**Exercise goal:**
Repeat every entry word for word. Images do not belong in the copy.
[Start of section]
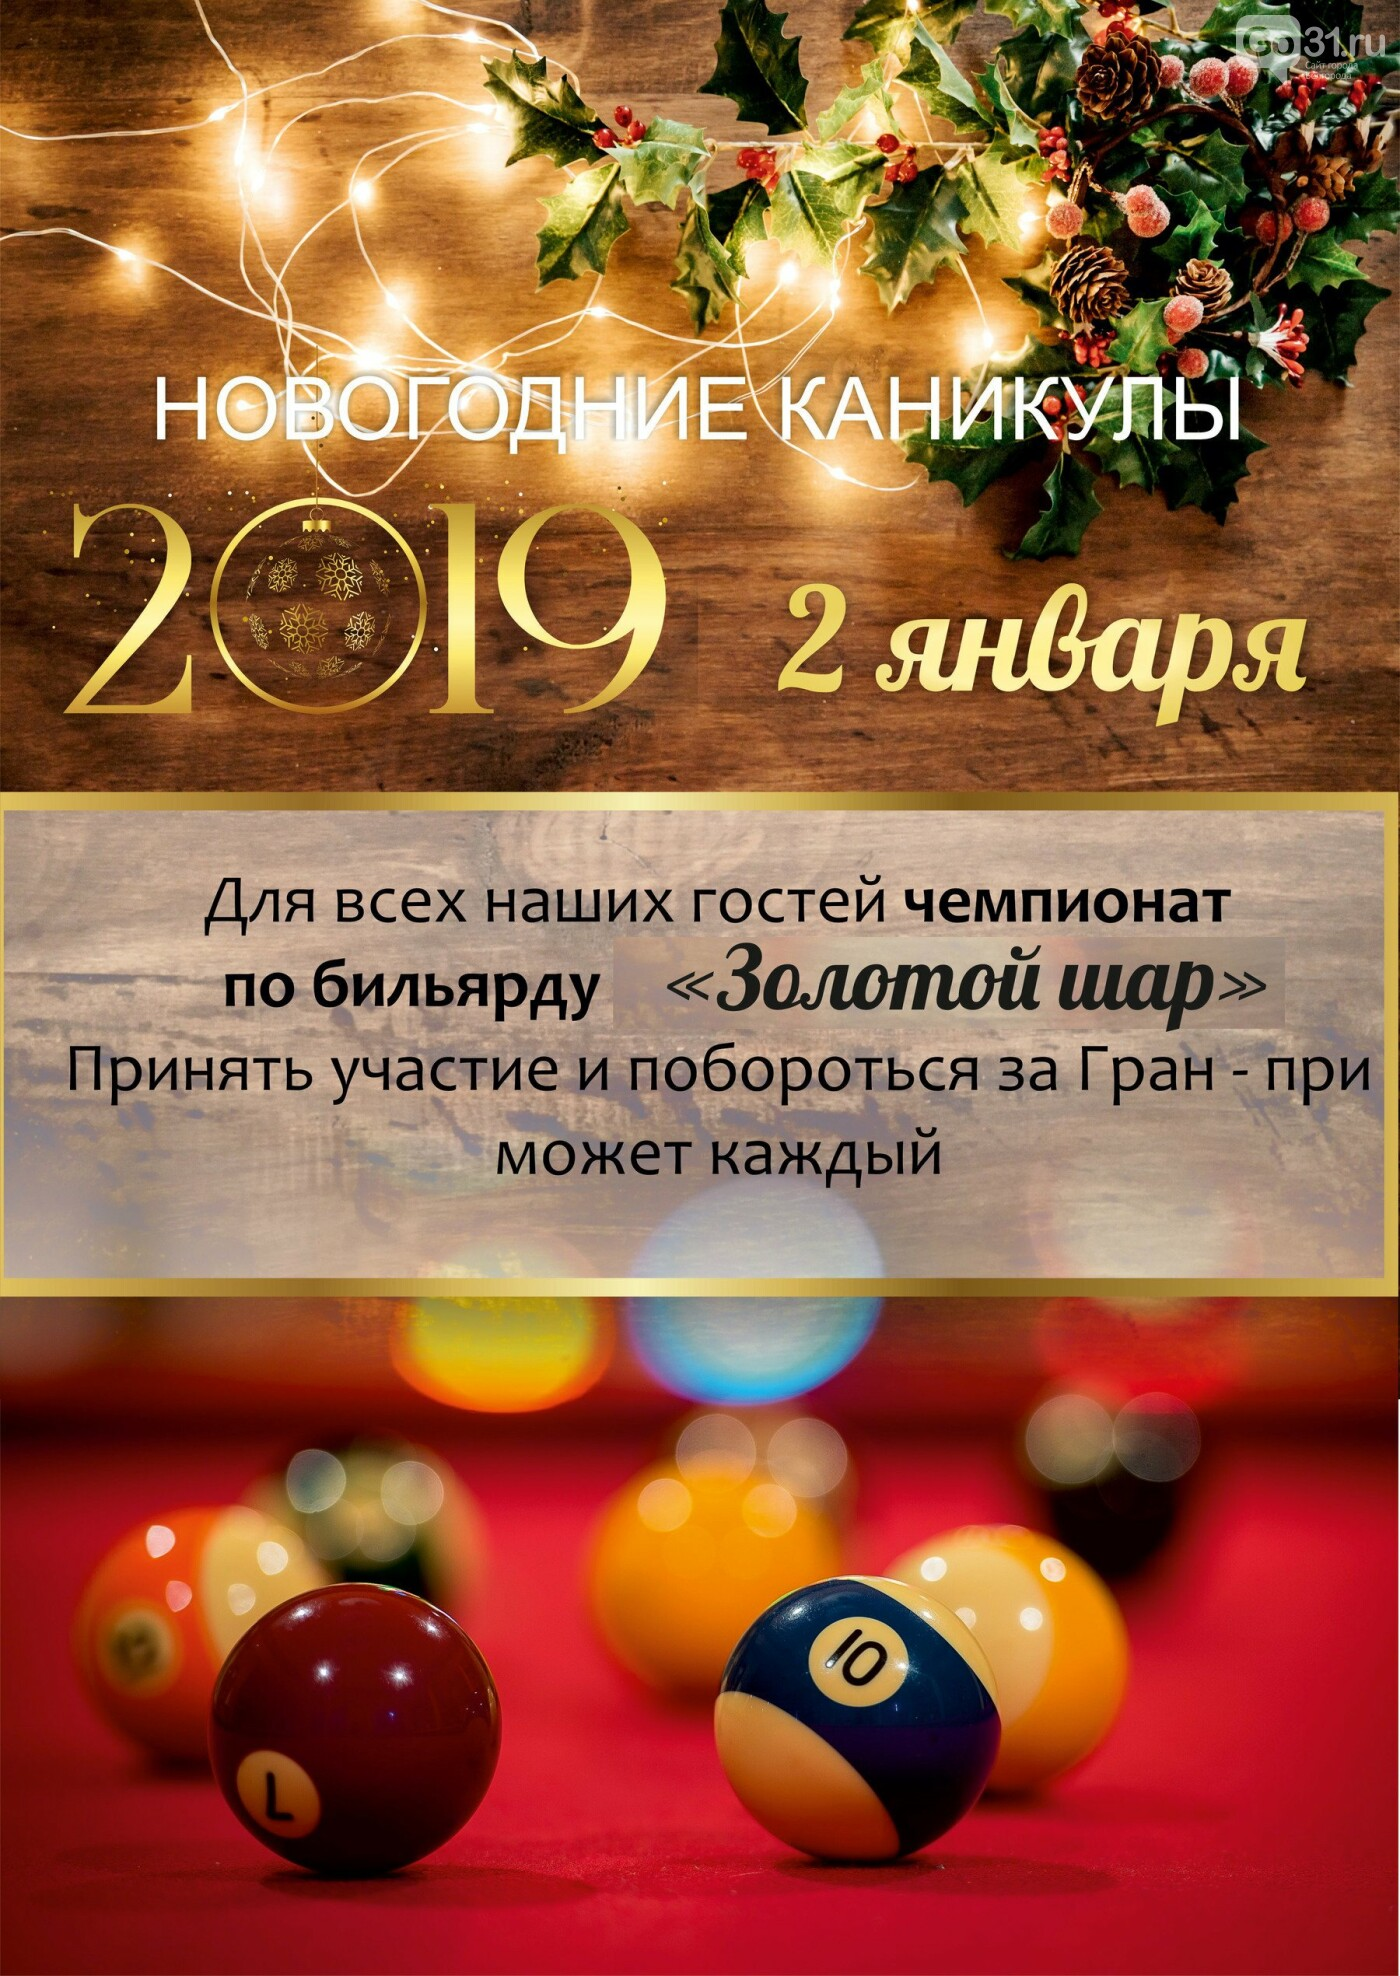 Встречайте Новый год-2019 всей семьей в санатории «Айвазовское»!, фото-4
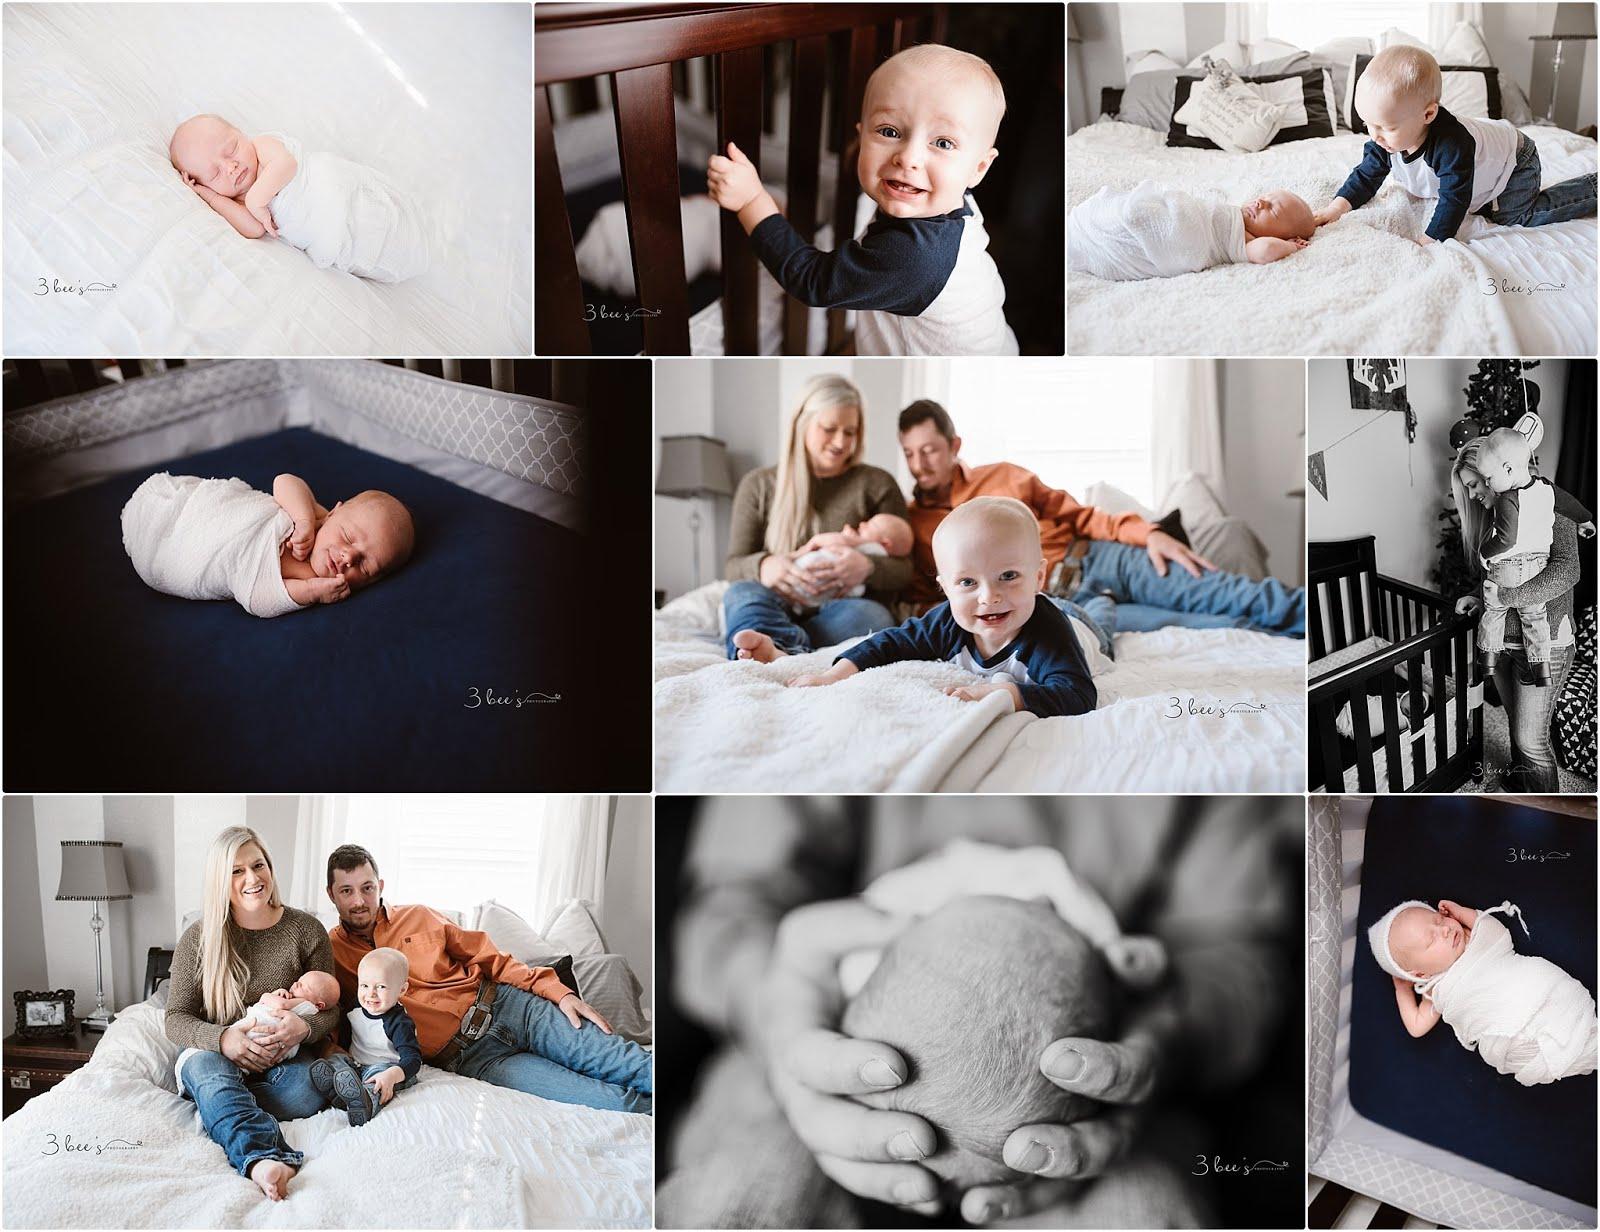 Luke – Lifestyle Newborn Photographer | Fayetteville, AR
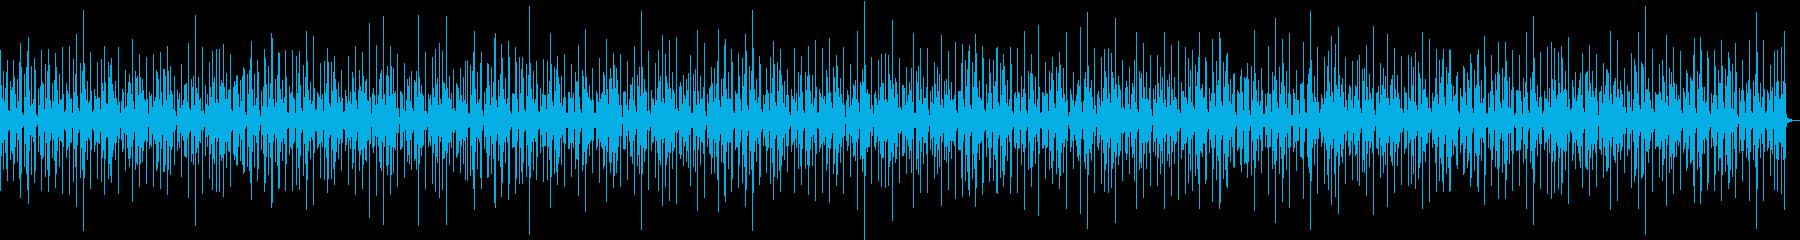 ちょっとマイナーなラテン風の曲の再生済みの波形
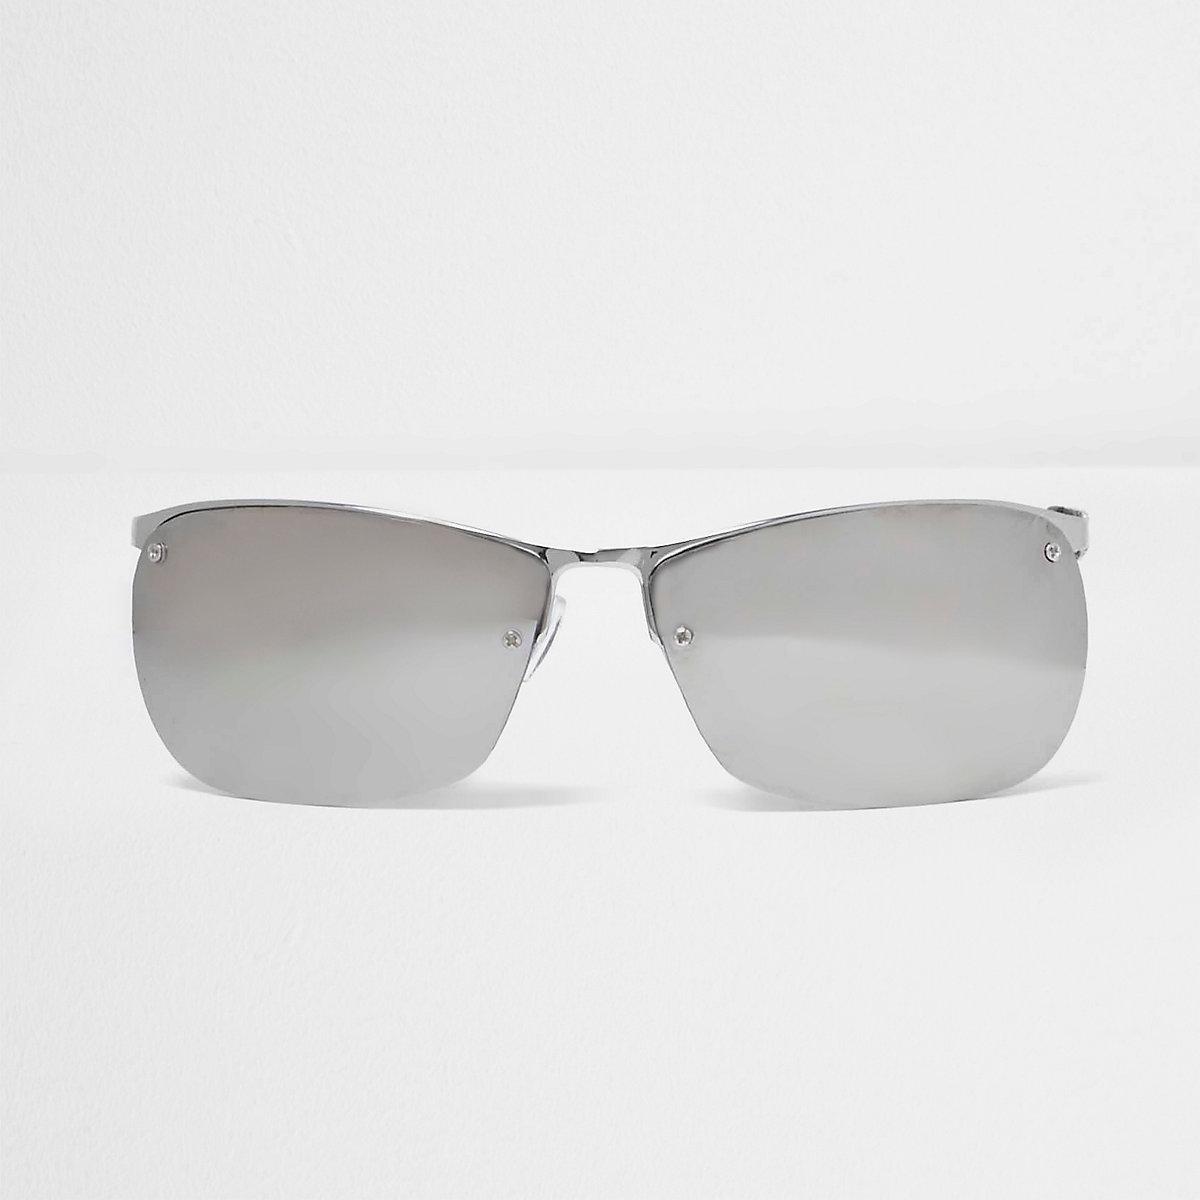 Silver tone sporty sunglasses
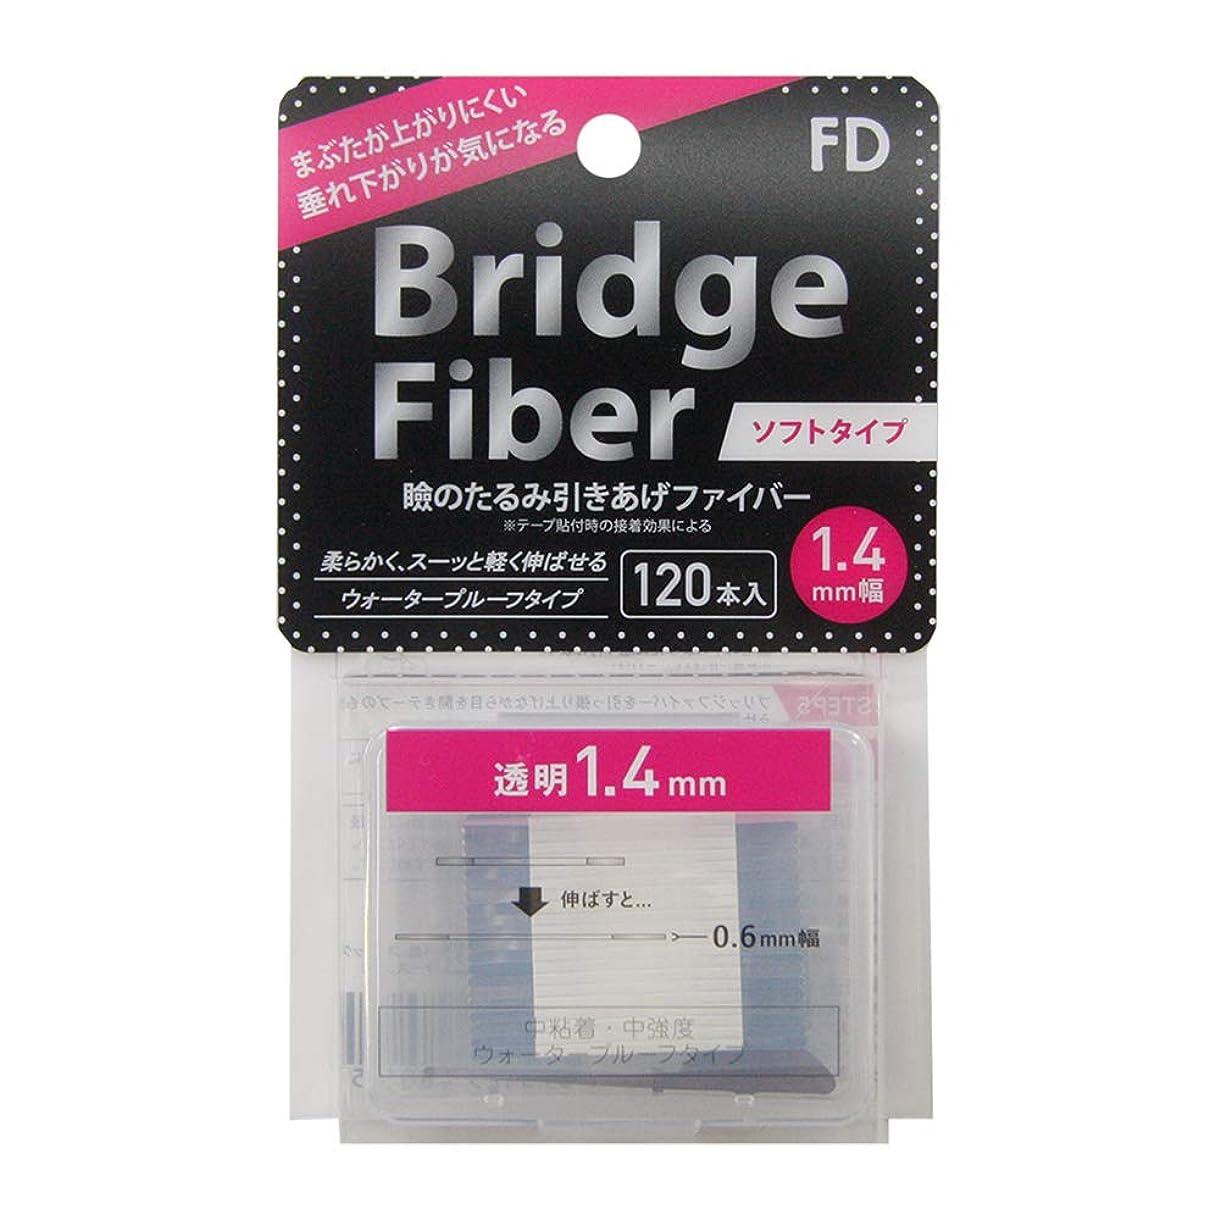 相互帳面祖先FD ブリッジソフトファイバー 眼瞼下垂防止テープ ソフトタイプ 透明1.4mm幅 120本入り
[End of section]
**Output of the task:**
 Встречайте Новый год-2019 всей семьей в санатории «Айвазовское»!, фото-4
 Luke – Lifestyle Newborn Photographer | Fayetteville, AR
 ちょっとマイナーなラテン風の曲の再生済みの波形
 Silver tone sporty sunglasses
 相互帳面祖先FD ブリッジソフトファイバー 眼瞼下垂防止テープ ソフトタイプ 透明1.4mm幅 120本入り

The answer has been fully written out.